==== Source material

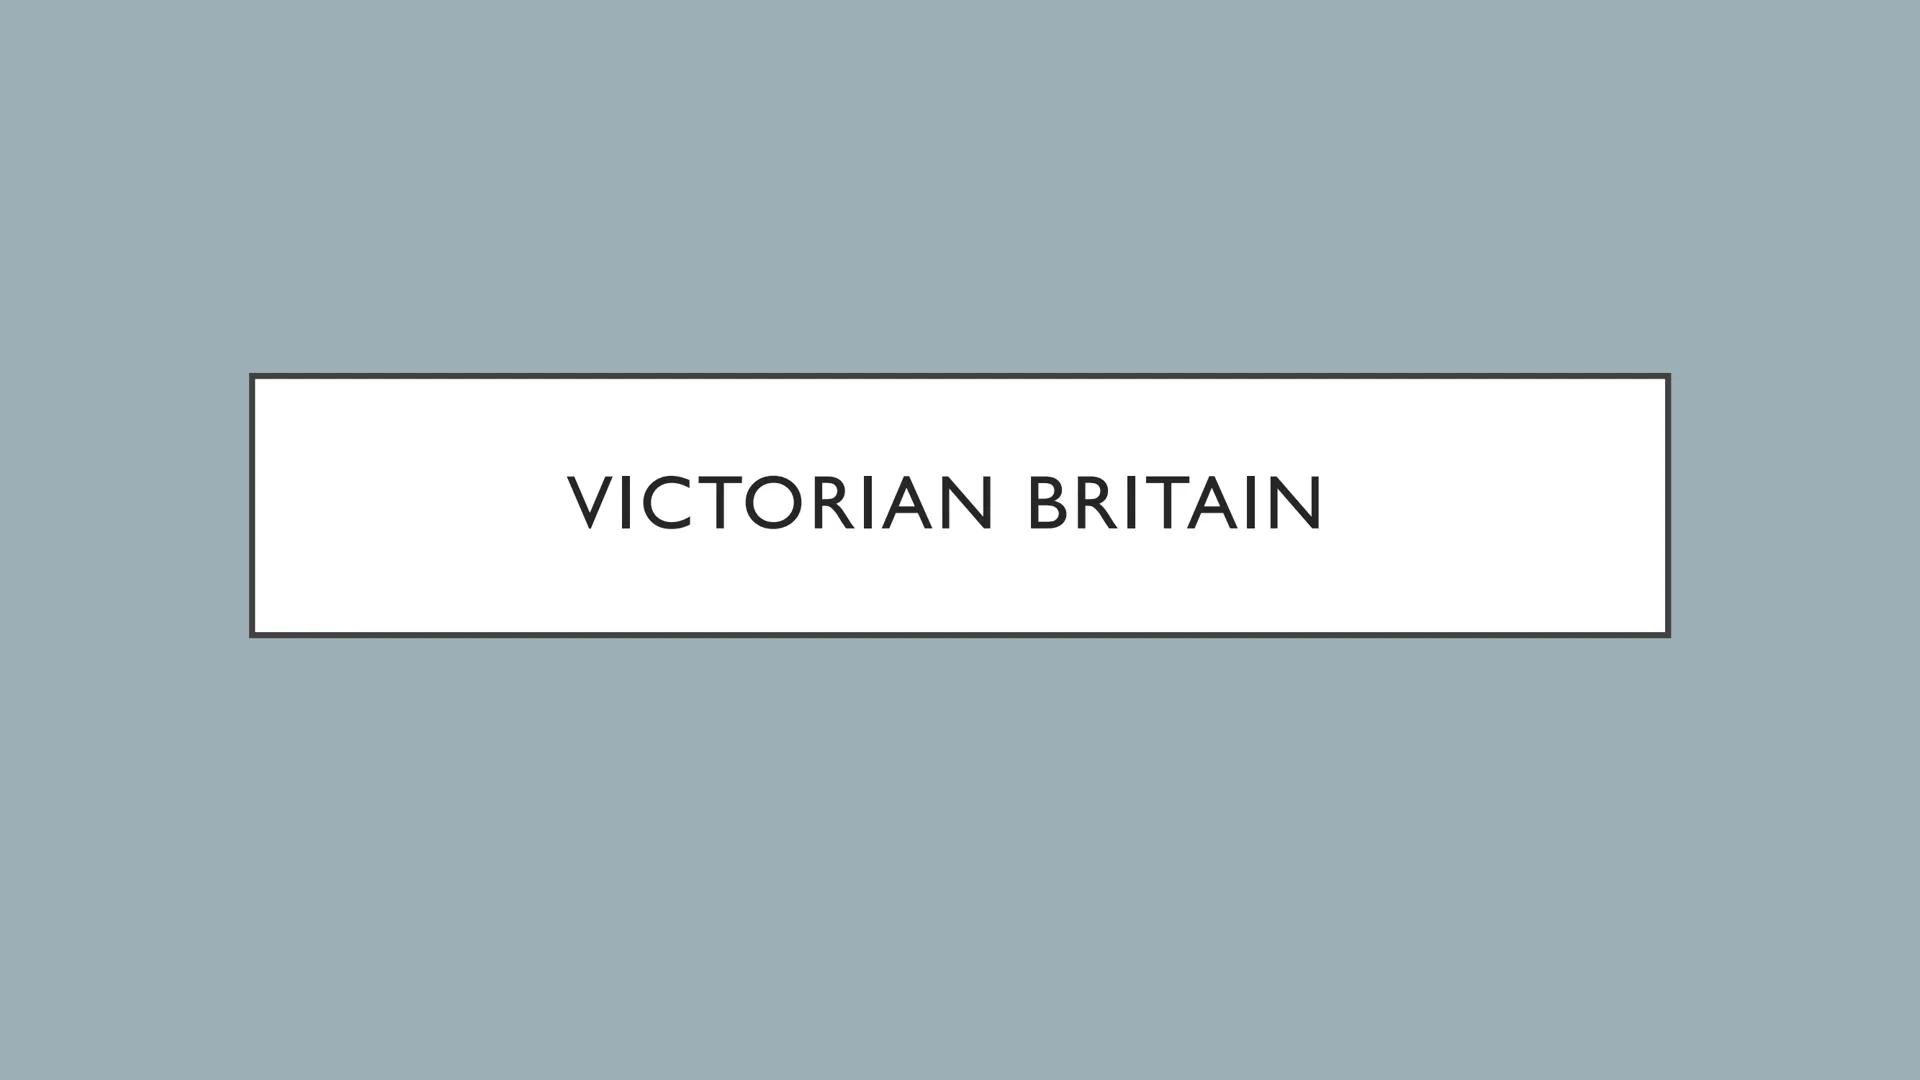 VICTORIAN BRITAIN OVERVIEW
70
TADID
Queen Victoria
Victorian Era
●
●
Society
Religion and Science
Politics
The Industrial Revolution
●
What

========

What is expected: Copy exactly the line that contains "Religion and Science" and every line after it through the end of the entries, with nothing added.

Output:
Religion and Science
Politics
The Industrial Revolution
●
What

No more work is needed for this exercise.